▶ _Exercise directions_
Exact copy, no pictures: output each line below as it stands.

▶ _Given data_
--- START ---

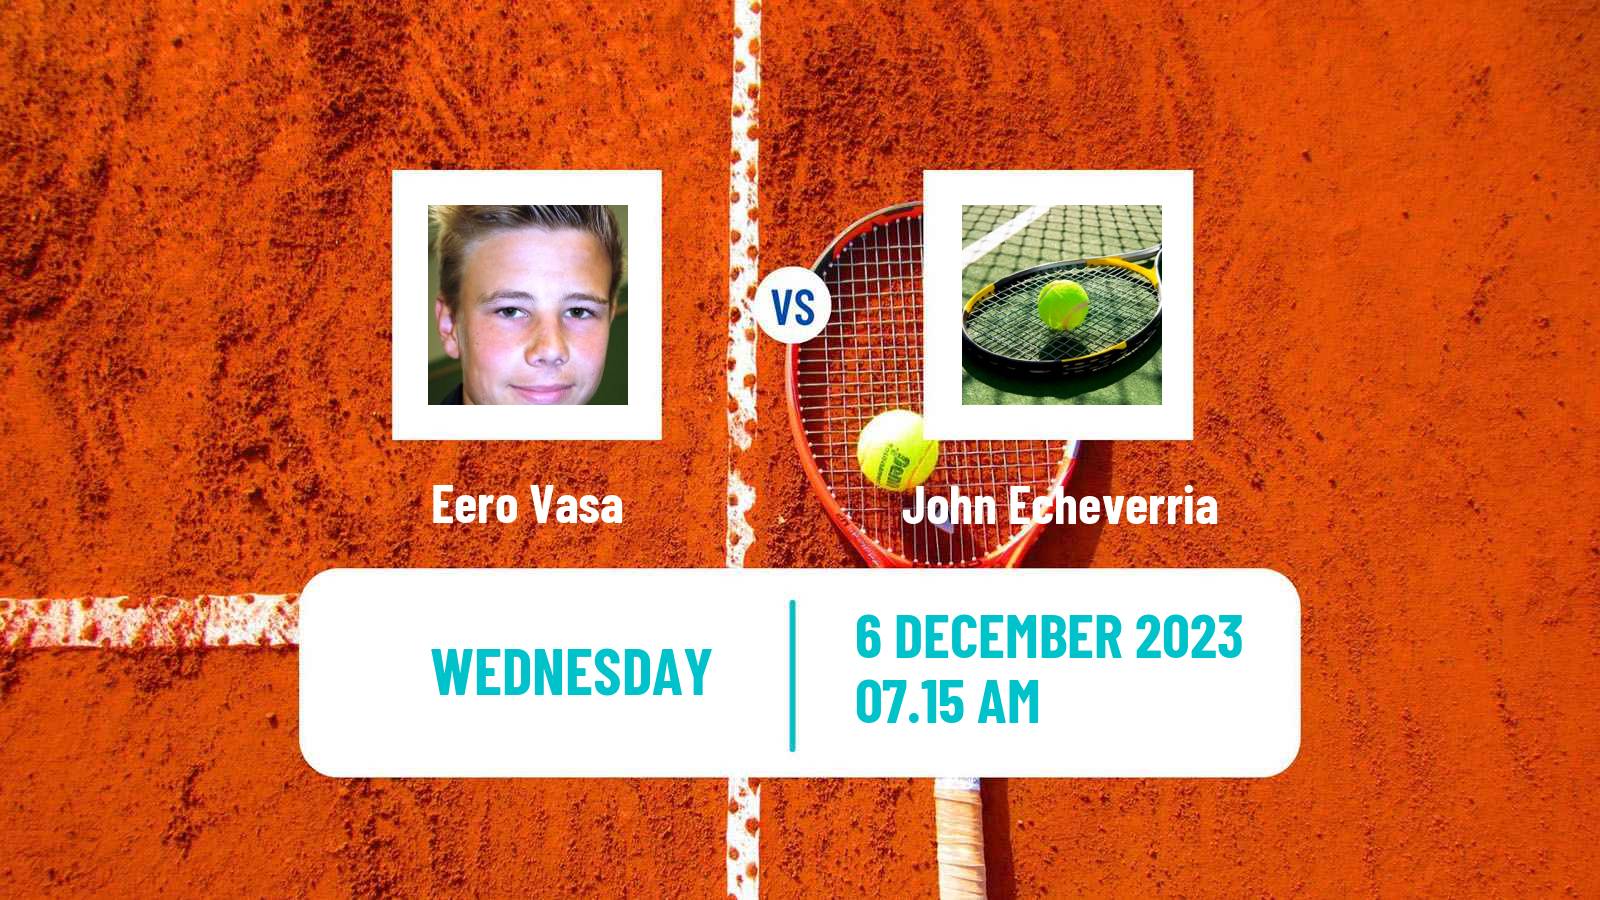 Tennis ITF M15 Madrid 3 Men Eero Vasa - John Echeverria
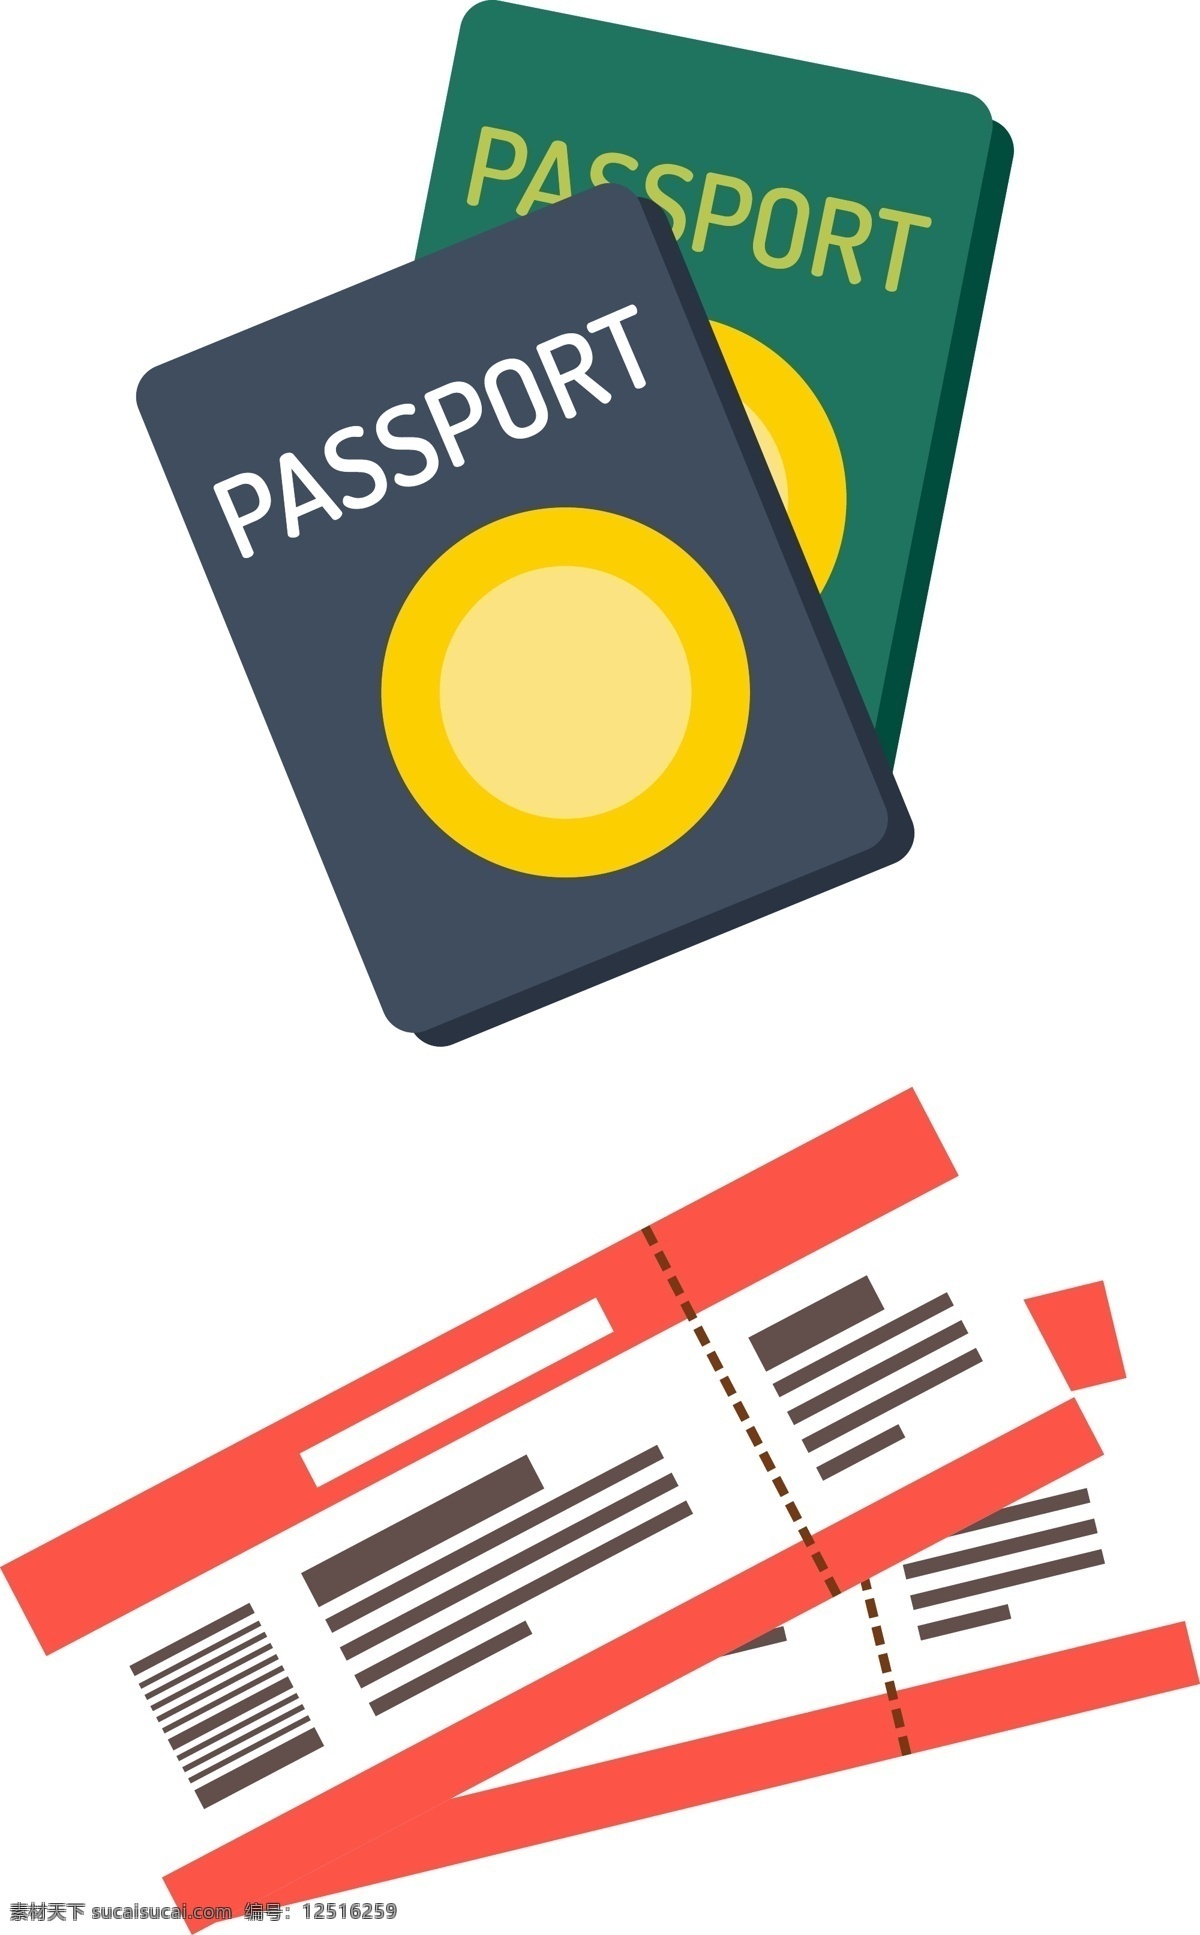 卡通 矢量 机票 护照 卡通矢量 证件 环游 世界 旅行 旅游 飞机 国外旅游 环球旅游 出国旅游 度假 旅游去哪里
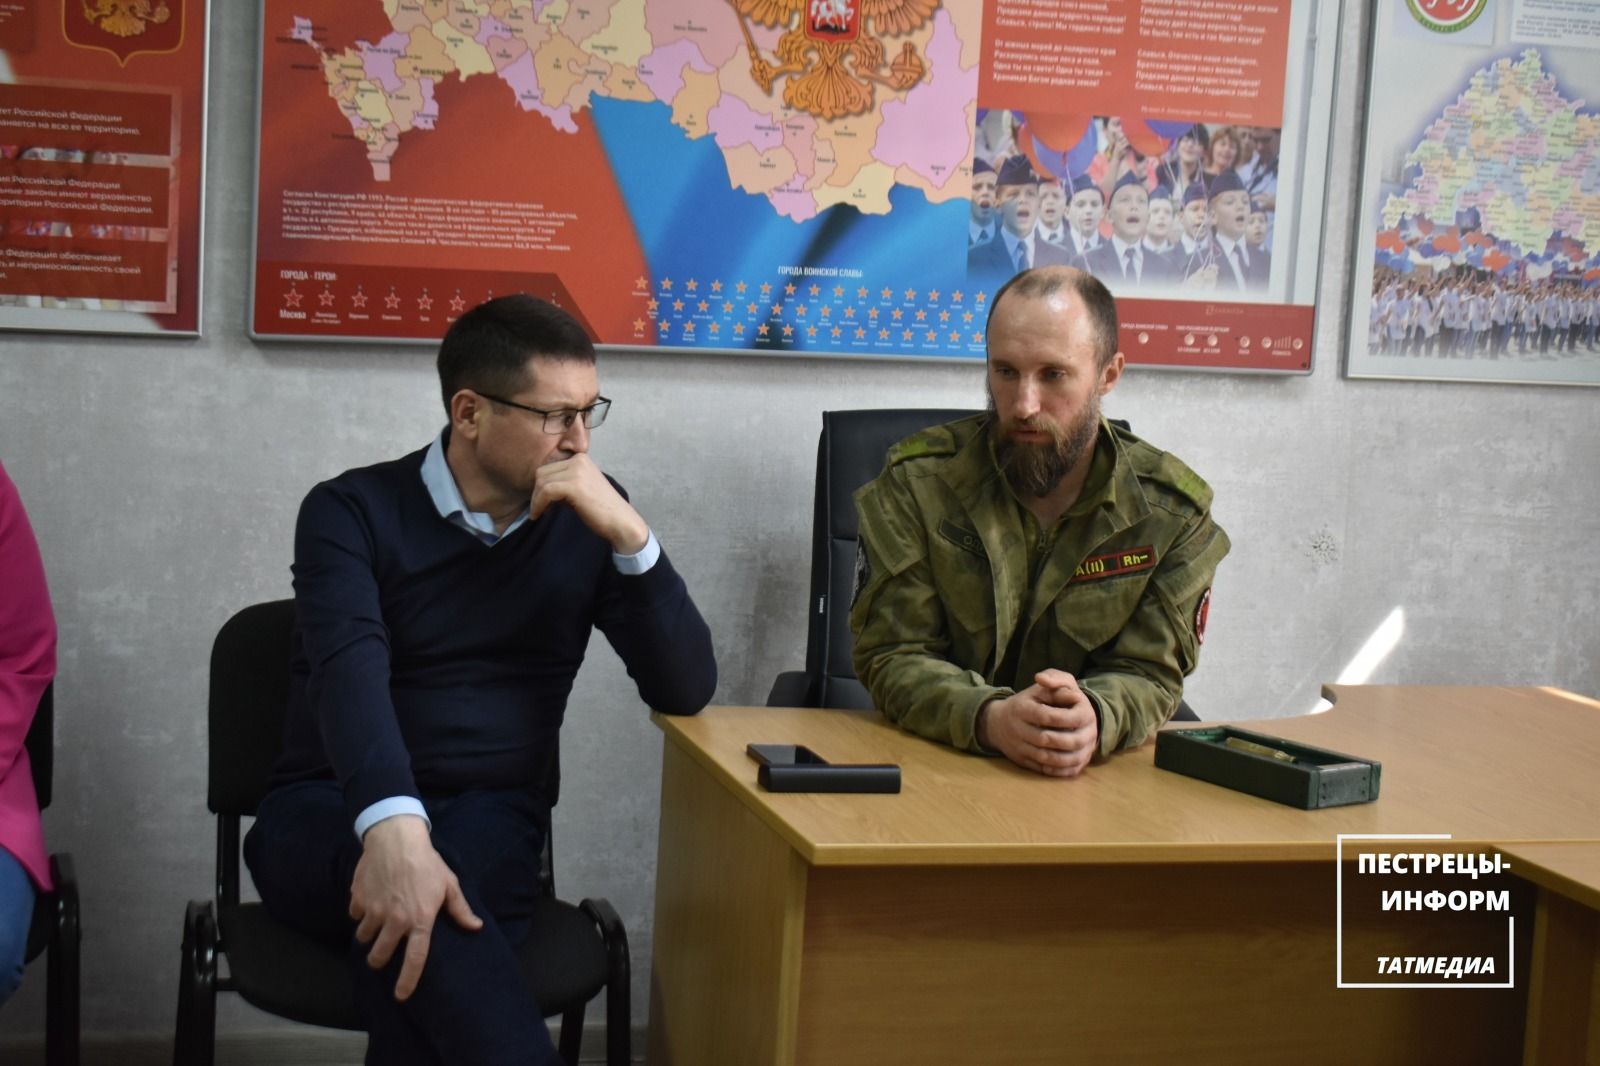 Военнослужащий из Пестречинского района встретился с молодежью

--- END ---

▶ _Result of the task_
 Tennis ITF M15 Madrid 3 Men Eero Vasa - John Echeverria
 卡通 矢量 机票 护照 卡通矢量 证件 环游 世界 旅行 旅游 飞机 国外旅游 环球旅游 出国旅游 度假 旅游去哪里
 Военнослужащий из Пестречинского района встретился с молодежью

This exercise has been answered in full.